■ What needs to be done ■
From the line that contains "Мужская кремовая, золотая" to the last line of the data below, transcribe every line exactly. Do not include the pictures.

■ Collected data ■
┄┄┄┄┄┄┄┄┄┄┄┄┄┄┄┄┄┄┄┄

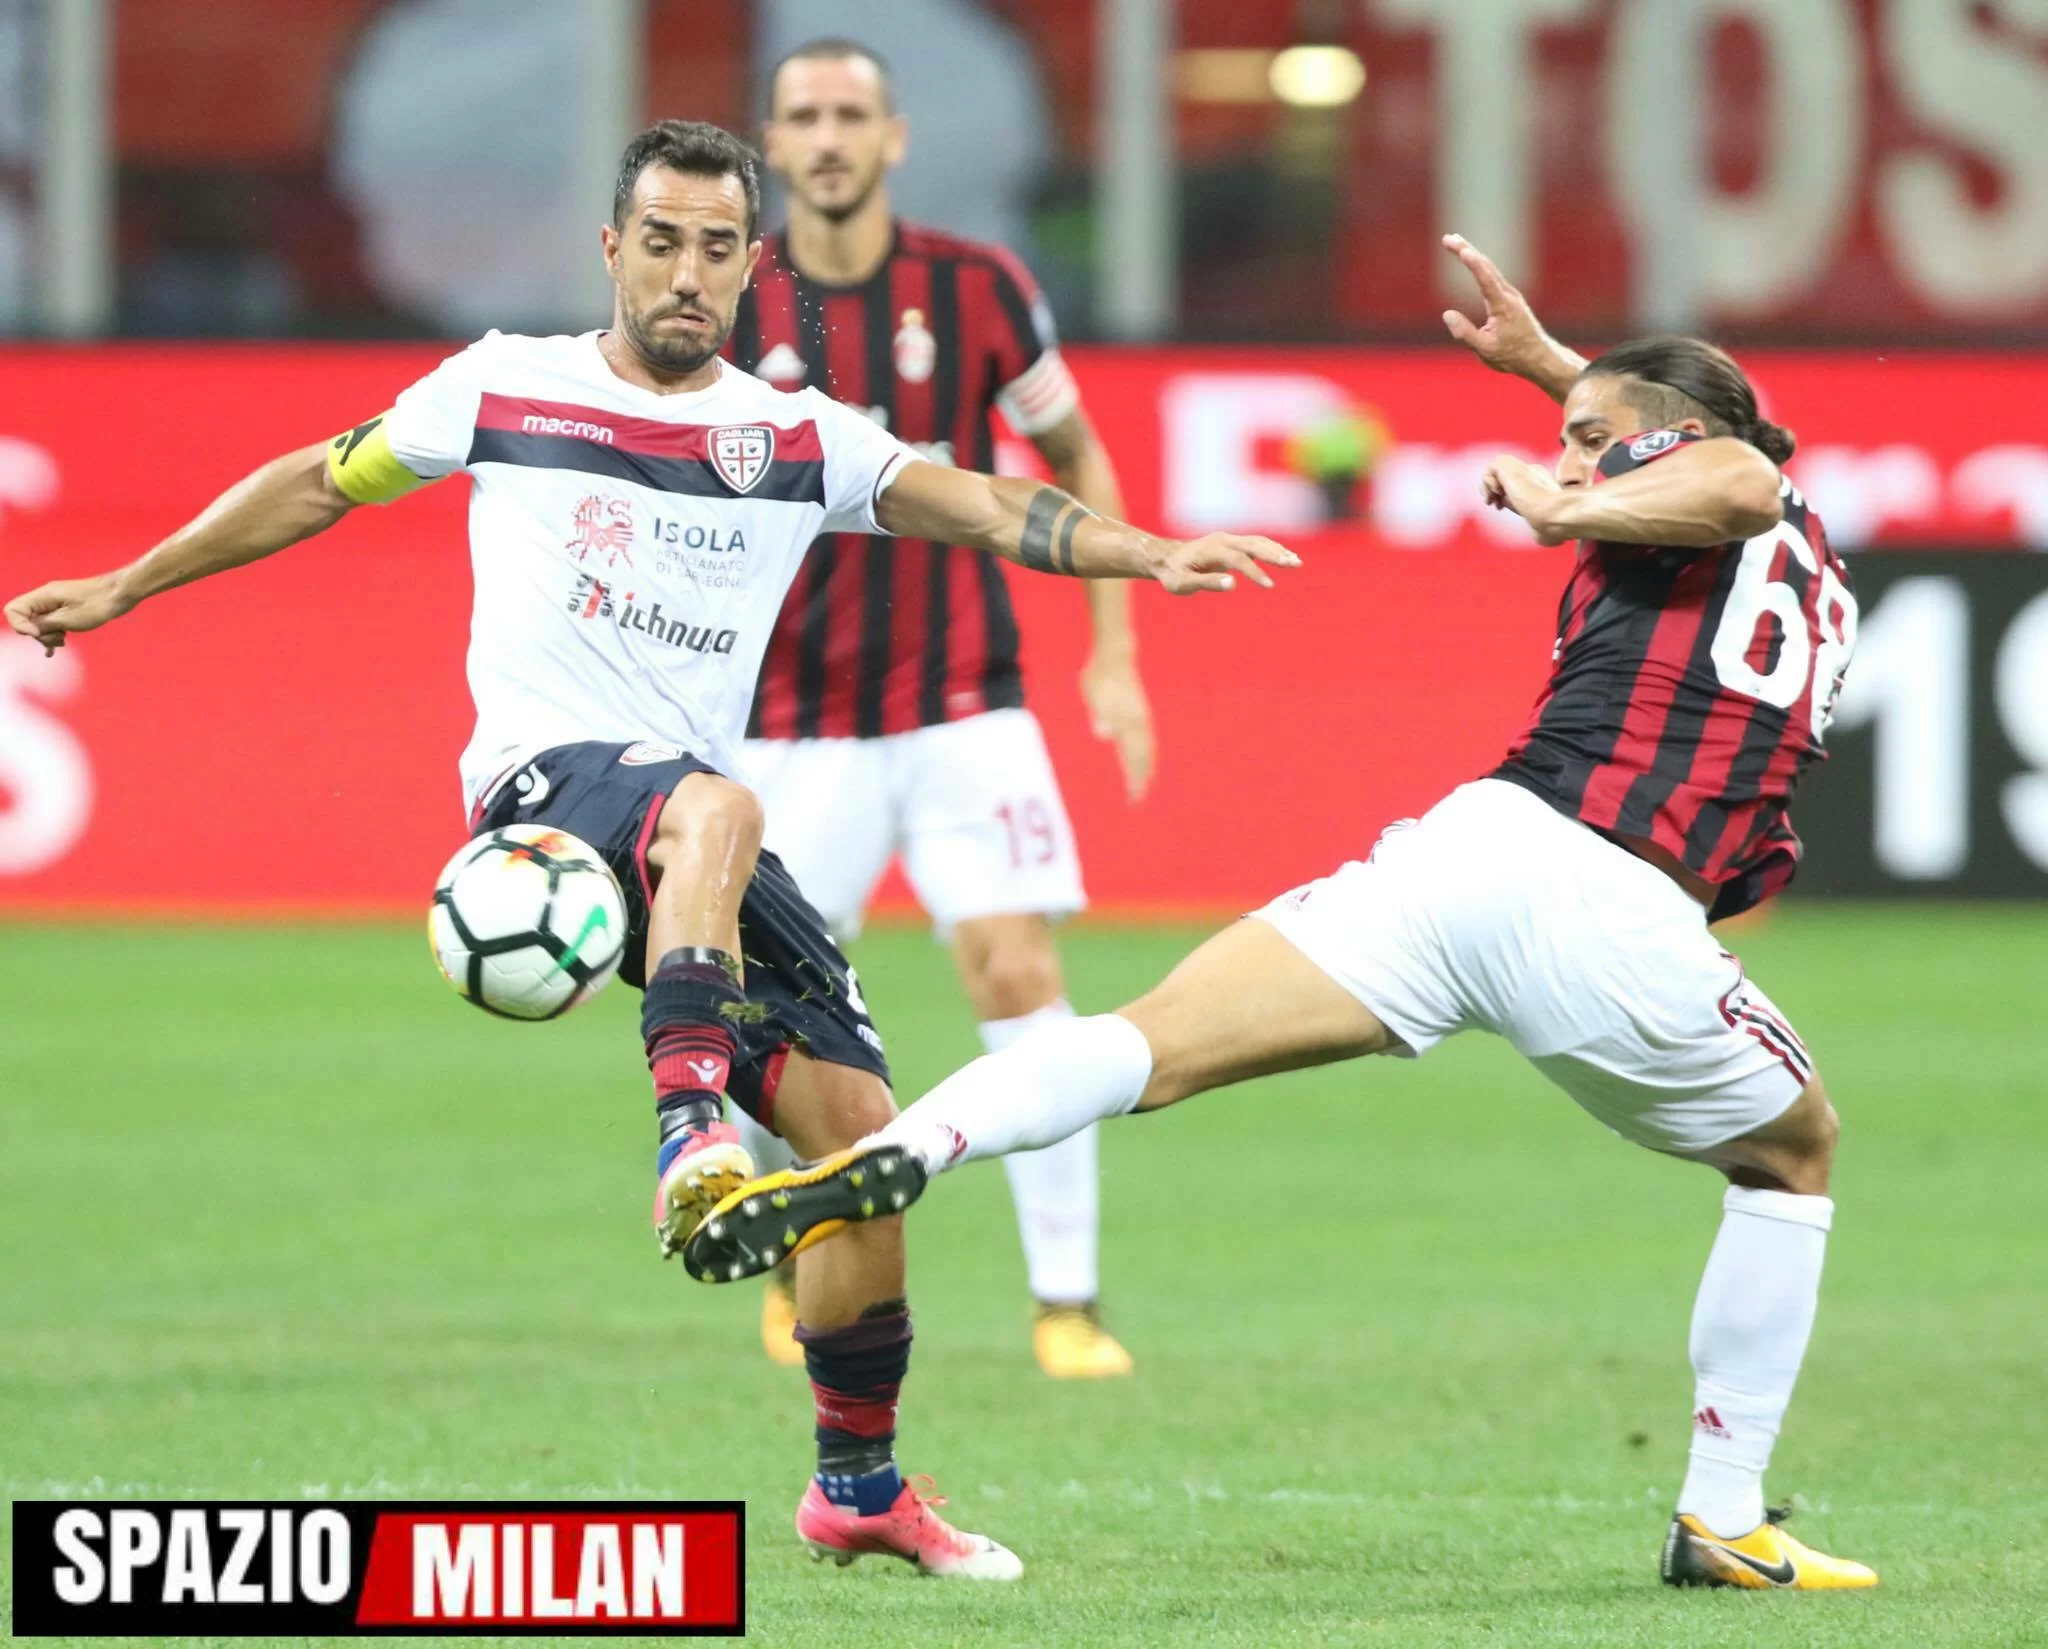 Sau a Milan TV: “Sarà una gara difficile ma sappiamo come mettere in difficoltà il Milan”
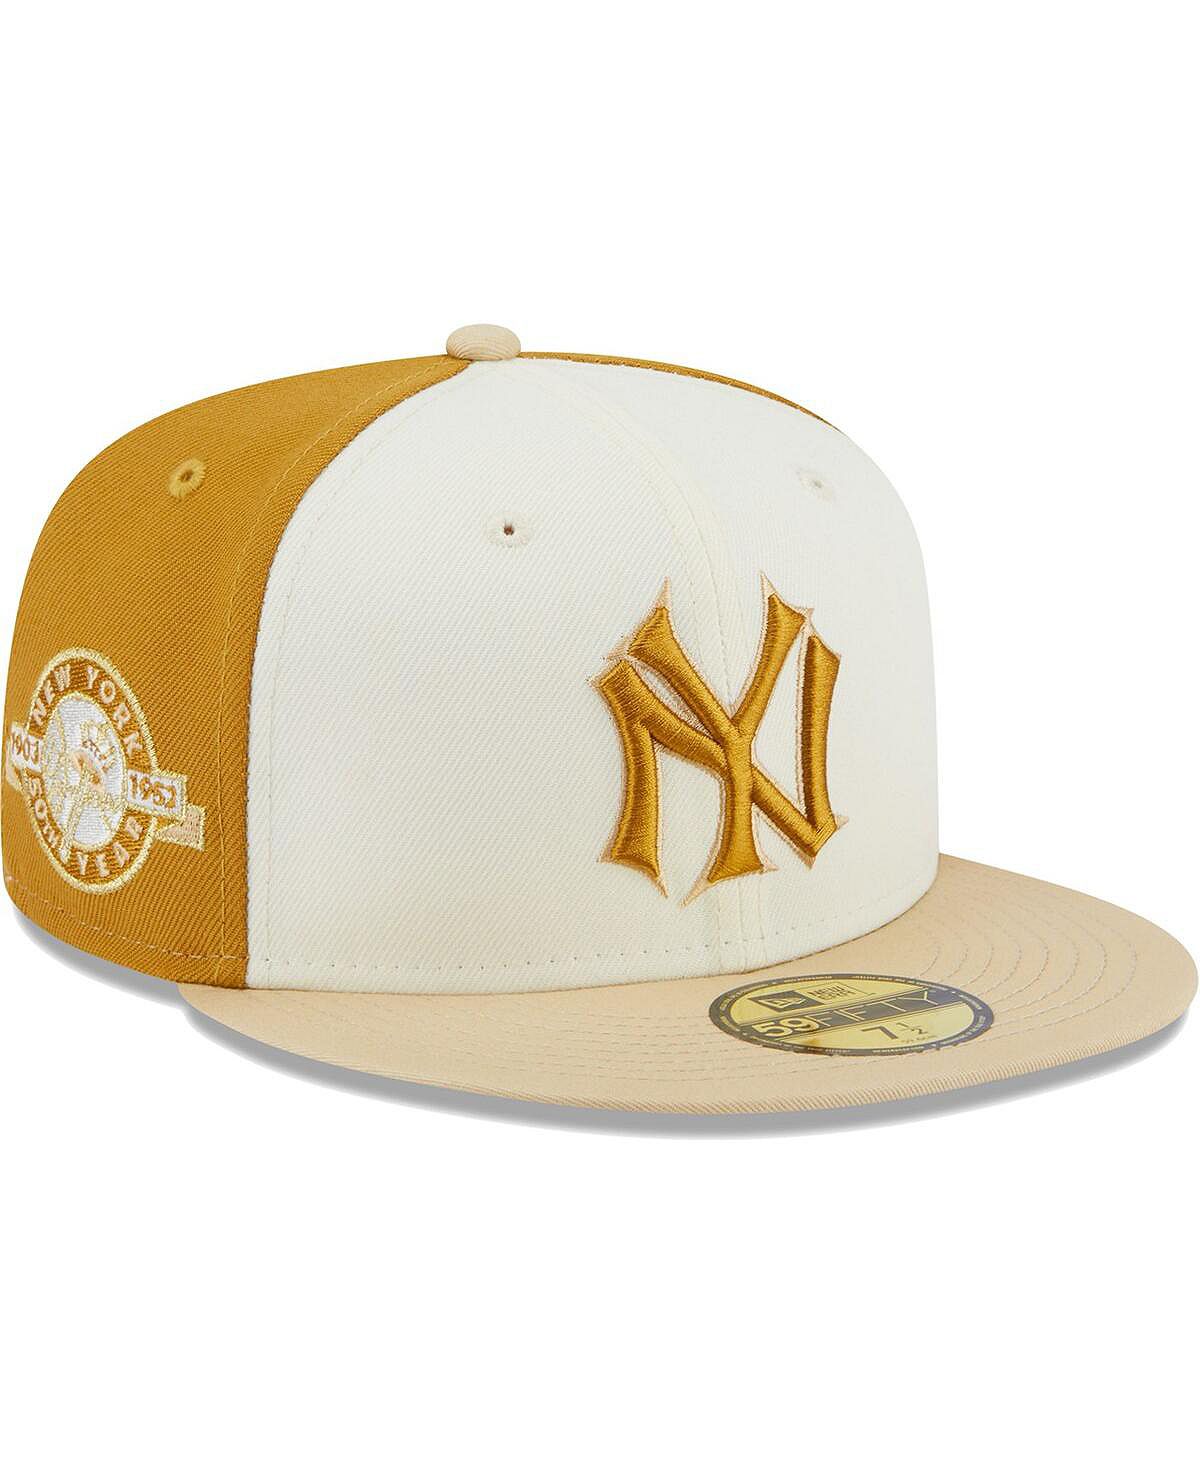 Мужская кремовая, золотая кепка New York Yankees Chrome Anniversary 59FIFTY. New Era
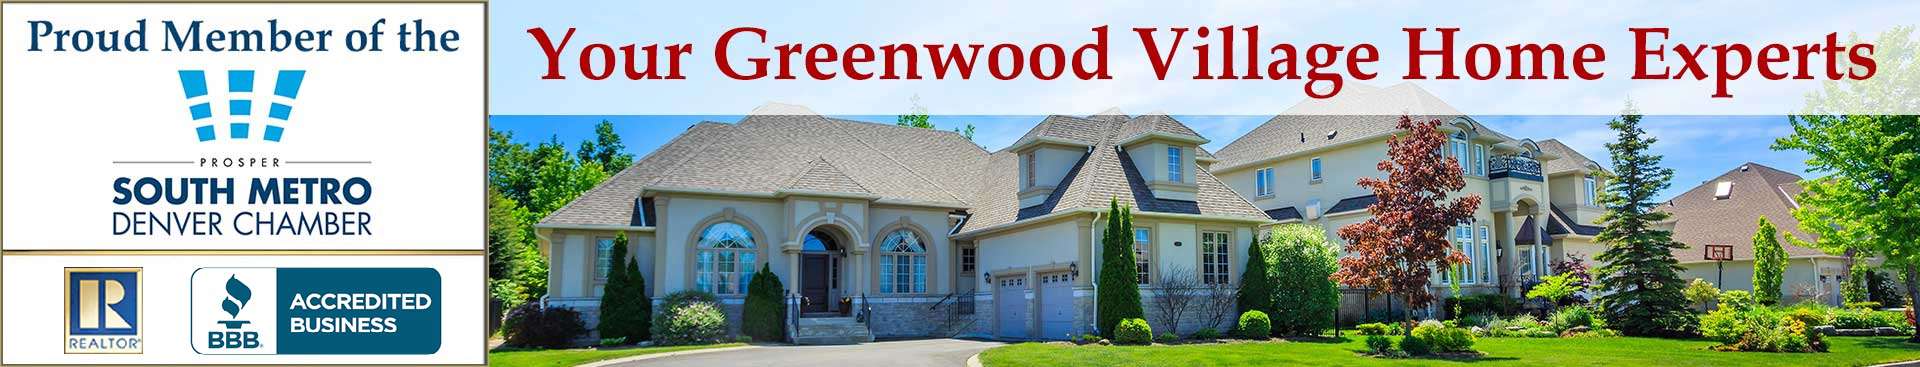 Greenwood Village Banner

┄┄┄┄┄┄┄┄┄┄┄┄┄┄┄┄┄┄┄┄

■ Written reply ■
 Мужская кремовая, золотая кепка New York Yankees Chrome Anniversary 59FIFTY. New Era
 Greenwood Village Banner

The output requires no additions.